In this work, we propose a new feature extraction method, based on the q-Exponential distribution, capable of obtaining complex information from SAR images and detecting the presence of oil spills. It is a distribution-based feature extractor, which means that this method uses a probabilistic distribution model to extract features from images. The q-Exponential is a probabilistic model that stems from the Tsallis non-extensive entropy (Tsallis 1988). It is already used, for example, in reliability engineering (Negreiros et al. 2020; Sales Filho et al. 2016), finance (Ludescher and Bunde 2014), and urban agglomeration (Malacarne et al. 2002). An important characteristic of this distribution is its ability to model rare events due to its power-law behavior (Picoli et al. 2003). As the oil spills are generally small portions of the images, they can be seen as “rare events”. Although few studies correlate the Tsallis Non-Extensive Statistical Mechanics models with images (Ferraro et al. 2019), there is no study in which q-Exponential probability distribution has been used to extract features from images. We named this approach as q-Exponential feature extraction (q-EFE). The proposed q-EFE is coupled to a machine learning (ML) model to perform the classification task. Some ML models were tested (Support Vector Machine, Multilayer Perceptron, Extreme Gradient Boosting, Logistic Regression, and Random Forest) and compared. We also applied the well-known ResNet50 model, deemed successful for image recognition, three other DL-based models relying on CNN architectures, and two classical CV techniques, namely LBP and GLCM.

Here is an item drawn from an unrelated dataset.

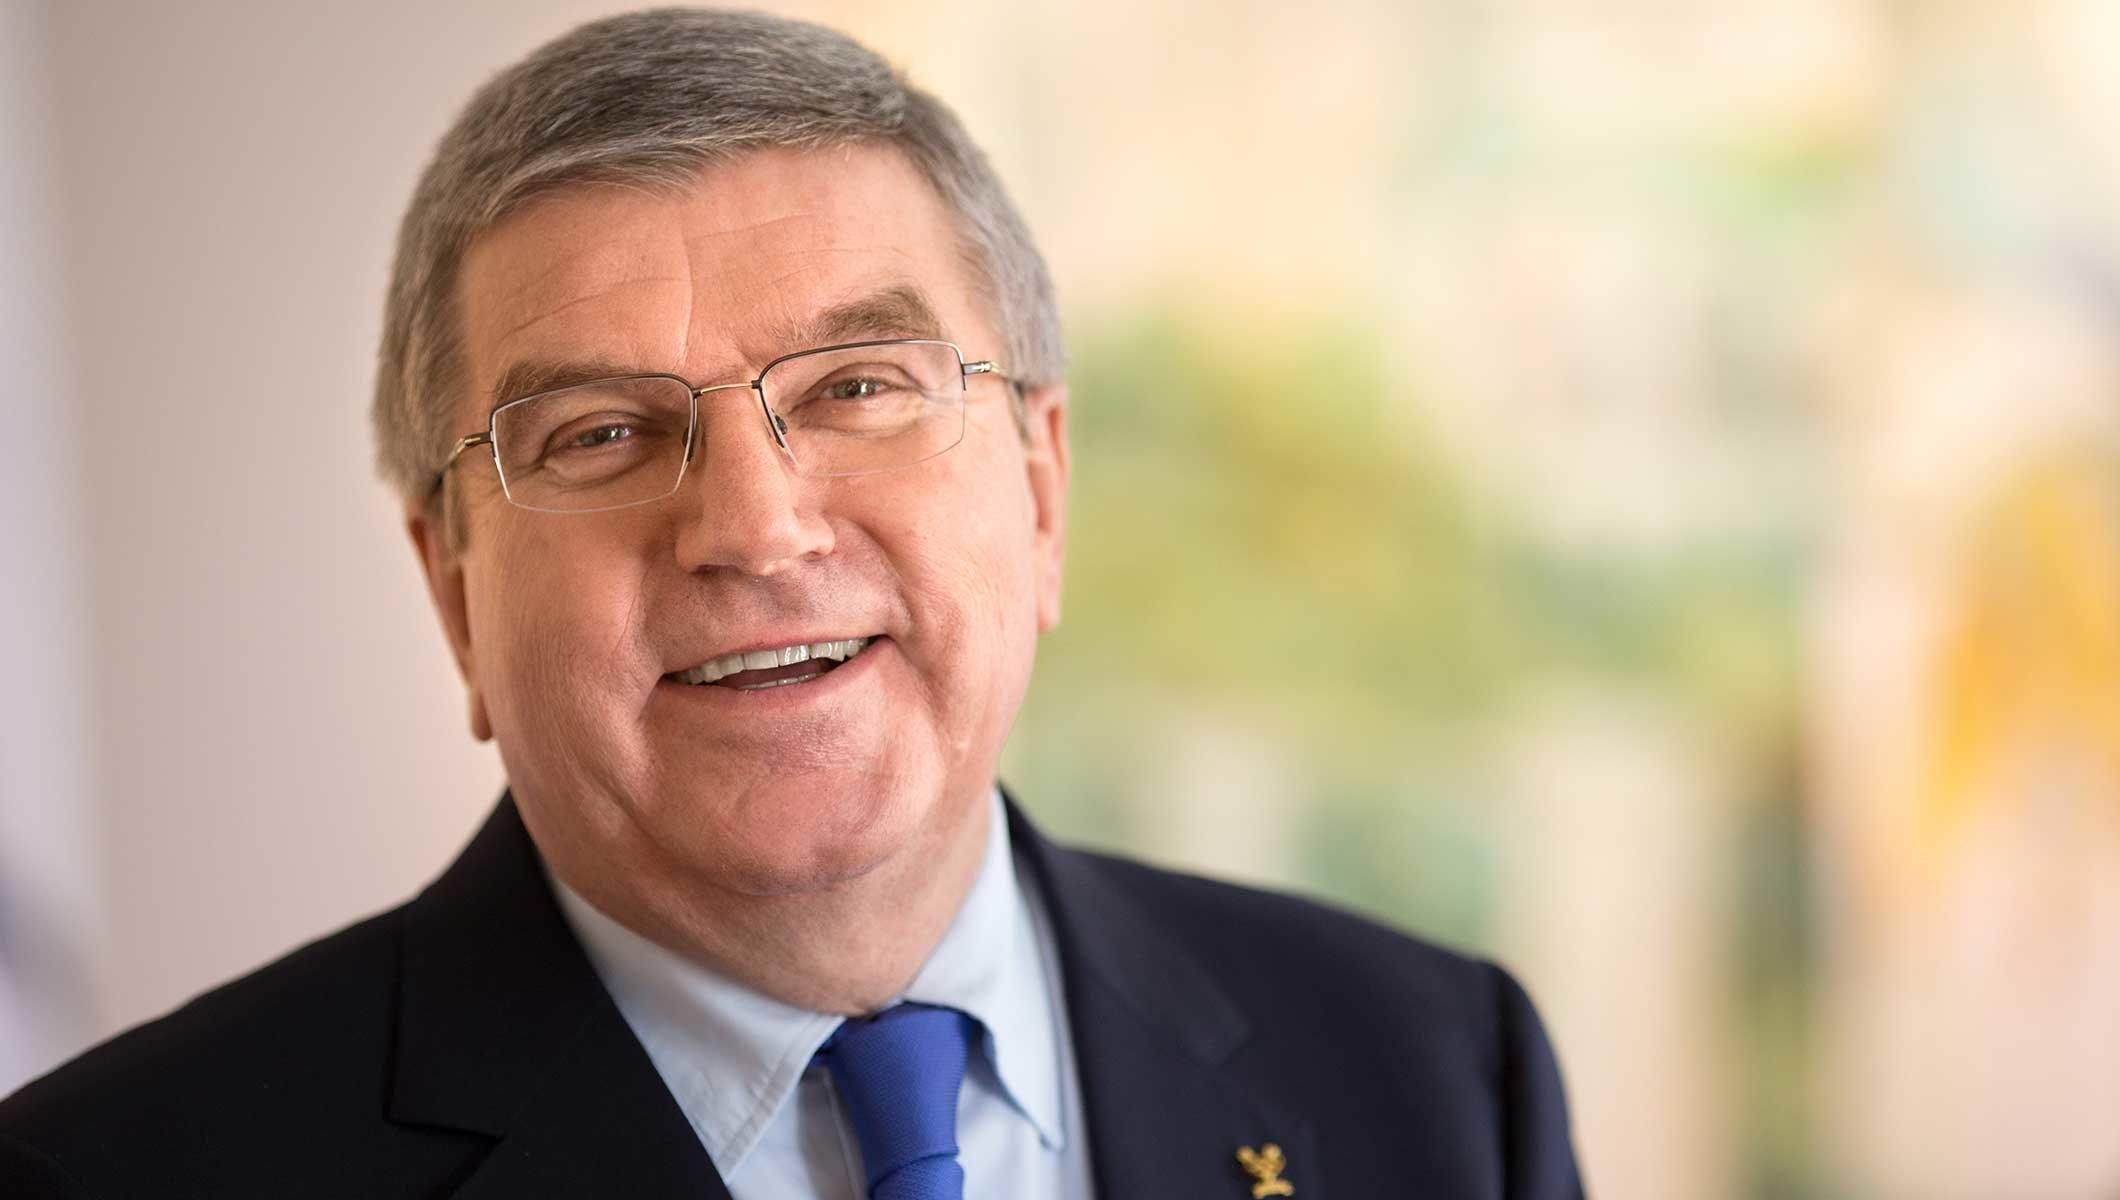 The photo of the IOC president that accompanied Thomas Bach's op-ed // IOC

The remainder of this work is organized as follows: Section 2 presents the q-Exponential distribution and its related functions. Section 3 describes q-EFE, the novel feature extractor proposed in this article, whose output feeds the ML model. Section 4 presents the DL architectures used in this work for comparison purposes. Section 5 describes the oil spill-related SAR image dataset. Section 6 provides the results involving q-EFE, LBP, GLCM, each of them coupled to an ML model presented above and deep models (ResNet 50, and three CNN architectures). Finally, Section 7 brings the conclusion, limitations, and ongoing and future research.